Interestingly, we find that there is a contrast in the results between the two metrics groups during the pre-minimum: the deterioration exhibited in the evolution of group 1 metrics is larger than the corresponding deterioration for group 2 metrics in absolute terms. When we inspect the results from the two cases presented in Sect. 4, Table 3 reveals that the group 2 metrics have the lowest values in both cases. However, the separation into two distinct groups of metrics does not apply. We note that these two cases (indicated by vertical lines in Fig. 6) precede the July to mid-September pre-minimum during which the separation between the groups is most striking.

We have supplemented this analysis with a comparison between the microwave product that is assimilated by the model and the ice charts.
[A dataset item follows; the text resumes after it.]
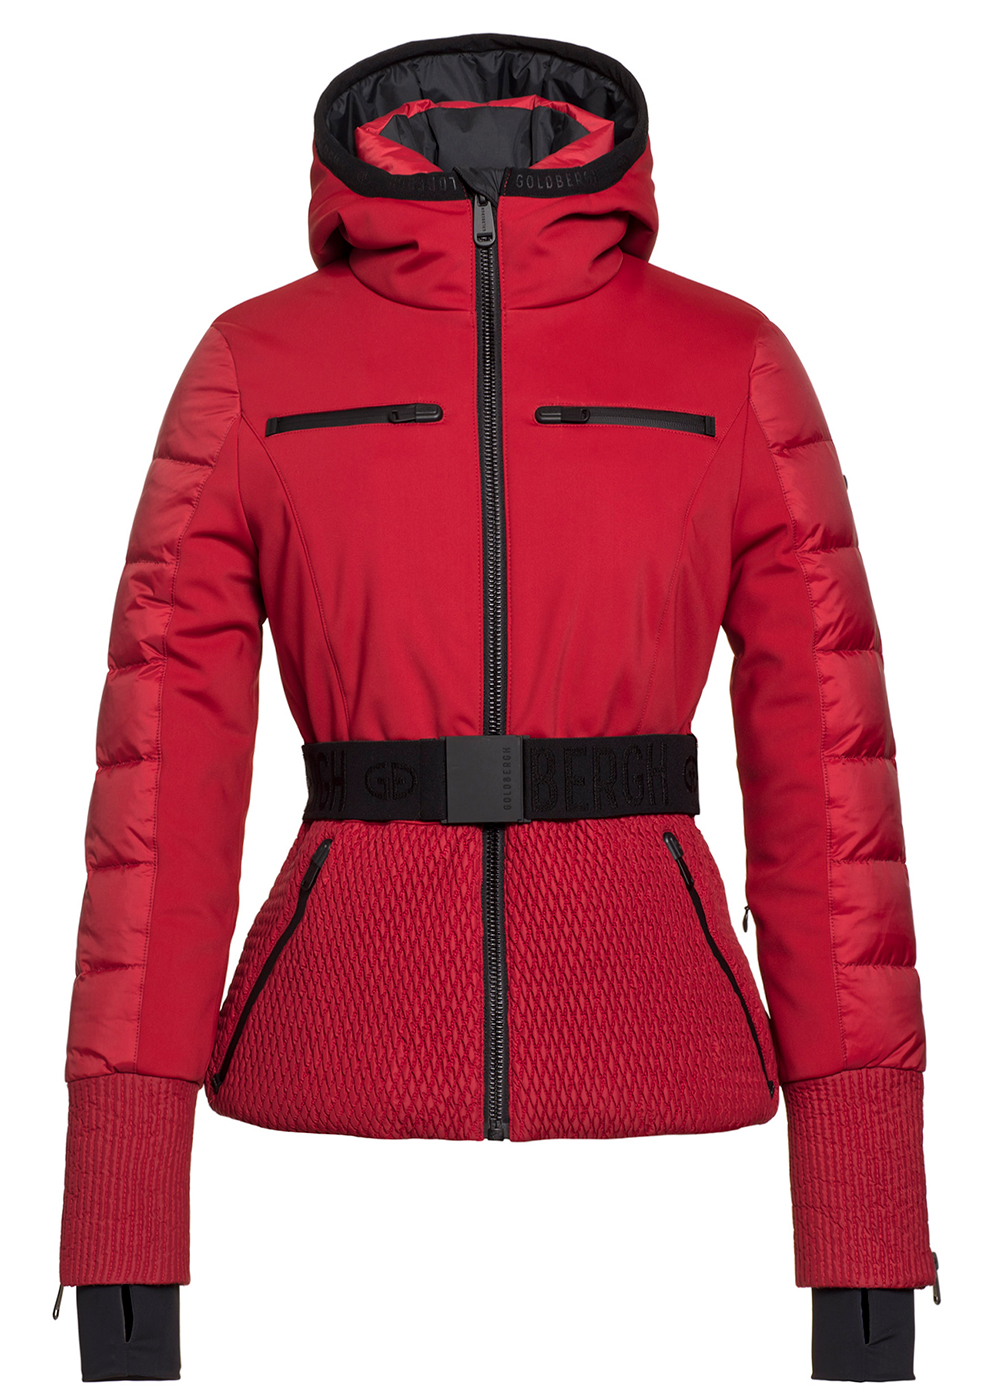 Stylish Red Ski Jacket by Goldbergh

The deviations between these two observational products reveal similar peaks during the pre-minimum, e.g. with values for ${D}_{\mathrm{AVG}}^{\mathrm{IE}}$ and ΔIE in ranges of about 60–120 km and −40 to −120 km, respectively (see Sect. S2 in the Supplement for details). Hence, the pre-minimum peaks that are seen in Fig. 6 can at least to some degree be attributed to the assimilation of an observational product that deviates from the ice charts during the pre-minimum season. The correlation coefficient for the time series of ${D}_{\mathrm{AVG}}^{\mathrm{IE}}$ for the 5 d forecasts vs. ice charts (black line in Fig. 6a) and the time series of ${D}_{\mathrm{AVG}}^{\mathrm{IE}}$ for microwave data vs. ice charts is 0.89. The corresponding correlation coefficient for ΔIE is 0.92.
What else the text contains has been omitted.